The code template of backtrack follows:

result = []
def backtrack(paths, choices):
    # if terminal conditions are met, then update results
    if terminal:
        result.add(paths)
        return

    for choice in choices:
        # do the choice, update paths and choices
        do(choice)
        # backtrack
        backtrack(paths, choices)
        # undo the choice, go back to previous paths and choices
        undo(choice)

2. Permutation#

Given an array nums, return the permutations of all the number. We can assume there is no duplicated number in nums, such as nums=[1,2,3]

  • path: current path of traversing the numbers, such as [1]

  • choices: the available choices on the current path. For example, on the path [1], we can choose 2, or 3 next.

Leetcode:

  • 0046

def permutation(nums):
    res = []
    def backtrack(path, choices):
        if not choices:
            # we have to use path[:] to copy the path, otherwise the path will be changed after pop()
            res.append(path[:])
            return
        for i in range(len(choices)):
            path += [choices[i]]
            backtrack(path, choices[:i]+choices[i+1:])
            path.pop()

    backtrack([], nums)
    return res

# test
nums = [1,2,3]
print(permutation(nums))

[[1, 2, 3], [1, 3, 2], [2, 1, 3], [2, 3, 1], [3, 1, 2], [3, 2, 1]]

3. N-Queen Problem#

The n-queens puzzle is the problem of placing n queens on an n x n chessboard such that no two queens attack each other.

Given an integer n, return all distinct solutions to the n-queens puzzle.
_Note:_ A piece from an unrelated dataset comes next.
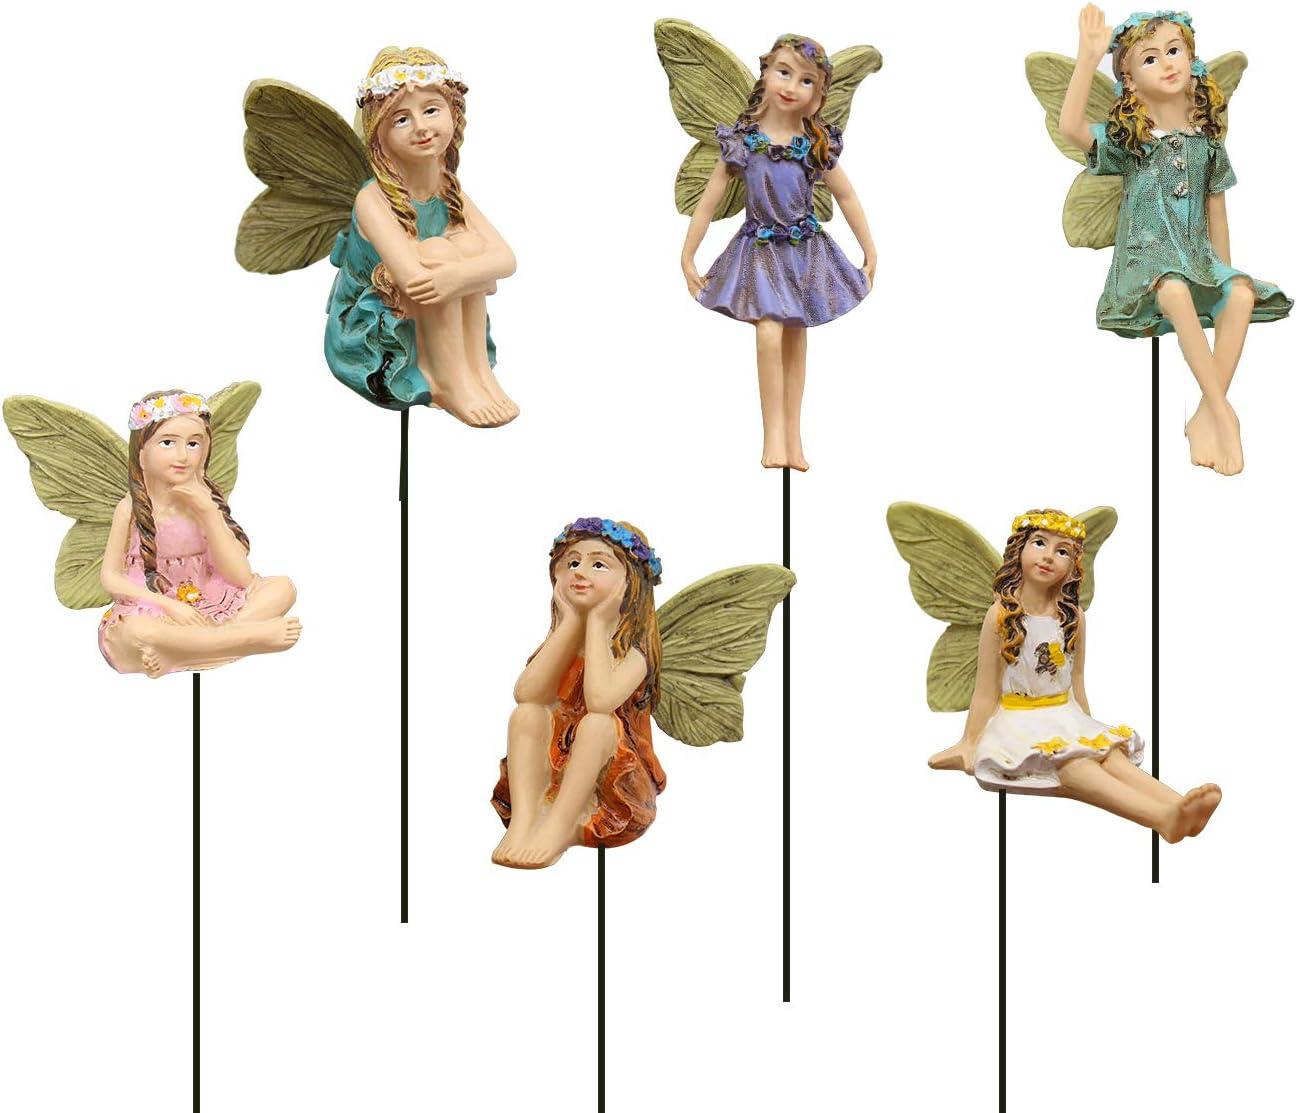 IFFUNNI Fairy Garden - Set of 6 pcs Miniature Fairies Figurines for Outdoor Garden Lawn Décor

You may return the answer in any order.

  • path: current path of putting Q on the row

  • choice: choice of putting Q on the column

Leetcode:

  • 0051

def solveQueen(n):
    res = []
    def isValid(path, choice):
        for i in range(len(path)):
            if path[i] == choice or abs(path[i] - choice) == abs(i - len(path)):
                return False
        return True
    
    def backtrack(path, choices):
        if len(path) == n:
            res.append(path[:])
            return
        for choice in choices:
            if isValid(path, choice):
                path.append(choice)
                backtrack(path, choices)
                path.pop()

    backtrack([], range(n))
    return res

# test
n = 1
print(solveQueen(n))

n = 4
print(solveQueen(n))

n = 5
print(solveQueen(n))

[[0]]
[[1, 3, 0, 2], [2, 0, 3, 1]]
[[0, 2, 4, 1, 3], [0, 3, 1, 4, 2], [1, 3, 0, 2, 4], [1, 4, 2, 0, 3], [2, 0, 3, 1, 4], [2, 4, 1, 3, 0], [3, 0, 2, 4, 1], [3, 1, 4, 2, 0], [4, 1, 3, 0, 2], [4, 2, 0, 3, 1]]

Reference#

[1] https://labuladong.github.io/algo/di-san-zha-24031/bao-li-sou-96f79/hui-su-sua-c26da/.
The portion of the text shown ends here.